Good Sugar, Bad Sugar: What’s the Difference?

Sara Lovelady Jun 10, 2014

The topic of sugar has been receiving a lot of press lately with the release of the new documentary Fed Up (#fedupmovie). The film reveals some eye-opening facts about America’s favorite food ingredient. For example, of the 600,000 items available in U.S. grocery stores, a shocking 80 percent have added sugar. And since the late 1970s, our national per capita consumption of sugar has doubled.

As Fed Up documents, the overconsumption of sugar is having devastating effects on the health of Americans, who are obese and diabetic at ever-increasing rates. Kids are hit especially hard. This generation of children is the first that is not expected to live as long as the previous one. But is all sugar the same? Is sugar from fruit different than processed sugar?

The short answer is: Yes and no. Sugar can occur in the form of sucrose, glucose, and fructose.

  • Sucrose is the same as table sugar; it’s a 50-50 mix of glucose and fructose. (High-fructose corn syrup, on the other hand, contains 45 percent glucose and 55 percent fructose.)

  • Glucose is the body’s preferred energy source; that’s why blood sugar is also referred to as “blood glucose.”

  • Fructose is the main type of sugar in fruits and vegetables; it’s nearly twice as sweet as sucrose.

Your body breaks down all carbohydrates, including sugar, into glucose.

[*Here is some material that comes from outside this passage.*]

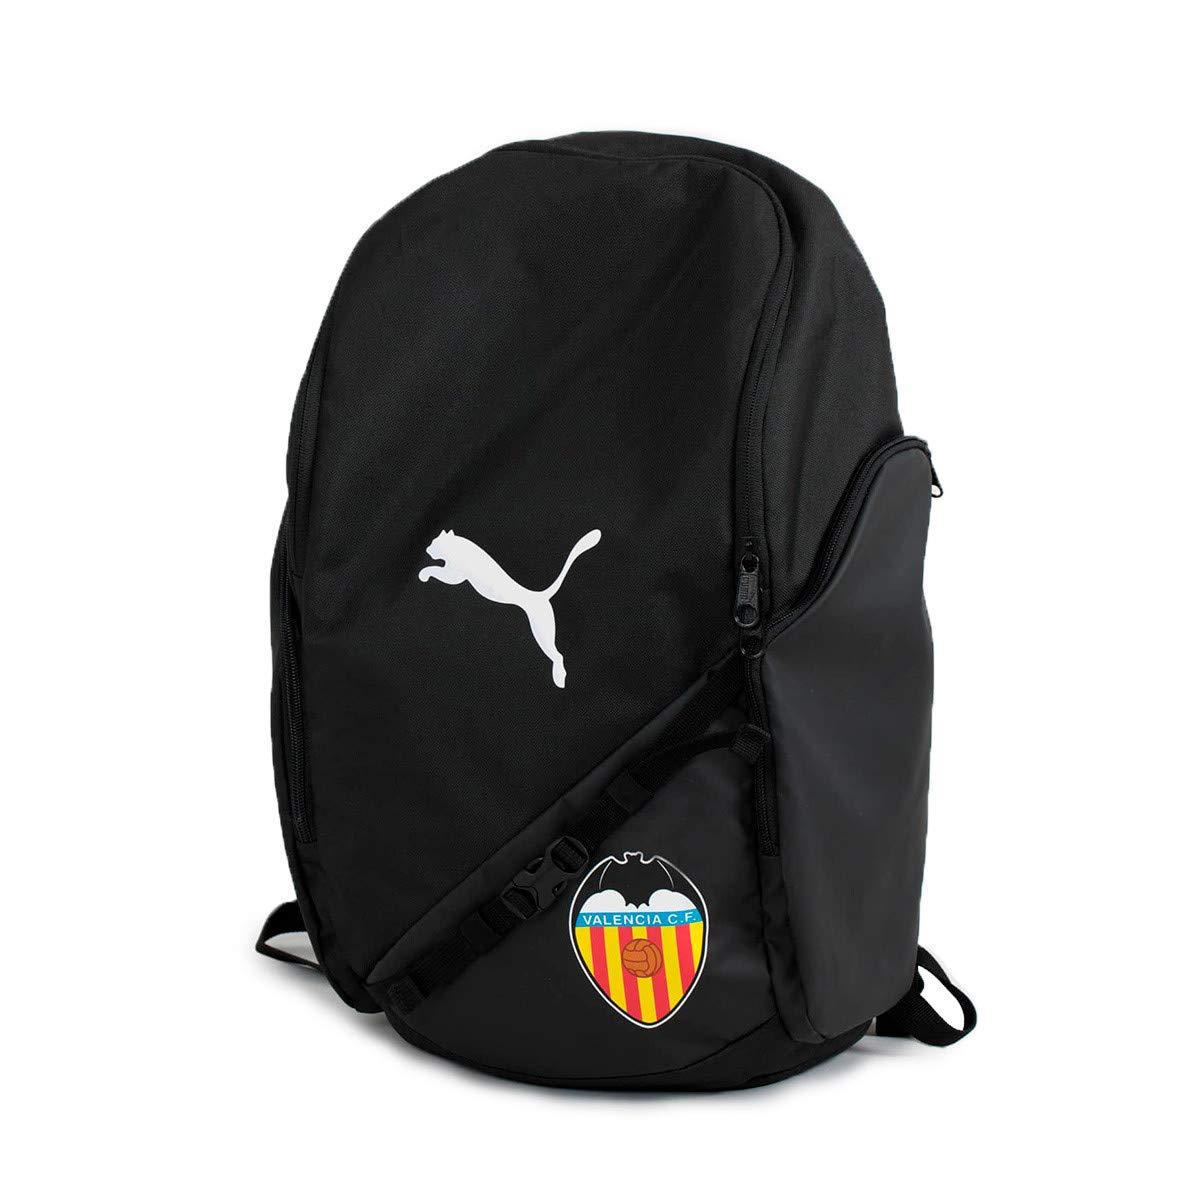 PUMA - Mochila Valencia CF 2019-2020 Liga: Amazon.es: Deportes y ...

What really matters isn’t what type of sugar you eat, it’s how much you eat and the package it comes in.* The sugar in an apple will not have the same effect on you as the sugar in a doughnut.

What’s the difference? The apple also has fiber, which slows down the absorption of sugar in the gut, so it gives you a nice, level energy release. In addition, it’s packed with health-promoting vitamins, minerals, and phyto-nutrients. The doughnut, on the other hand, is completely bereft of fiber, so the sugar it contains is released rapidly, causing a surge in blood sugar and insulin and setting the stage for pre-diabetes. To make matters worse, the doughnut also contains white flour, which is quickly turned into glucose, adding to the sugar load. (Not to mention the doughnut is also dripping in trans fats from being deep-fried, but that’s a whole other post.)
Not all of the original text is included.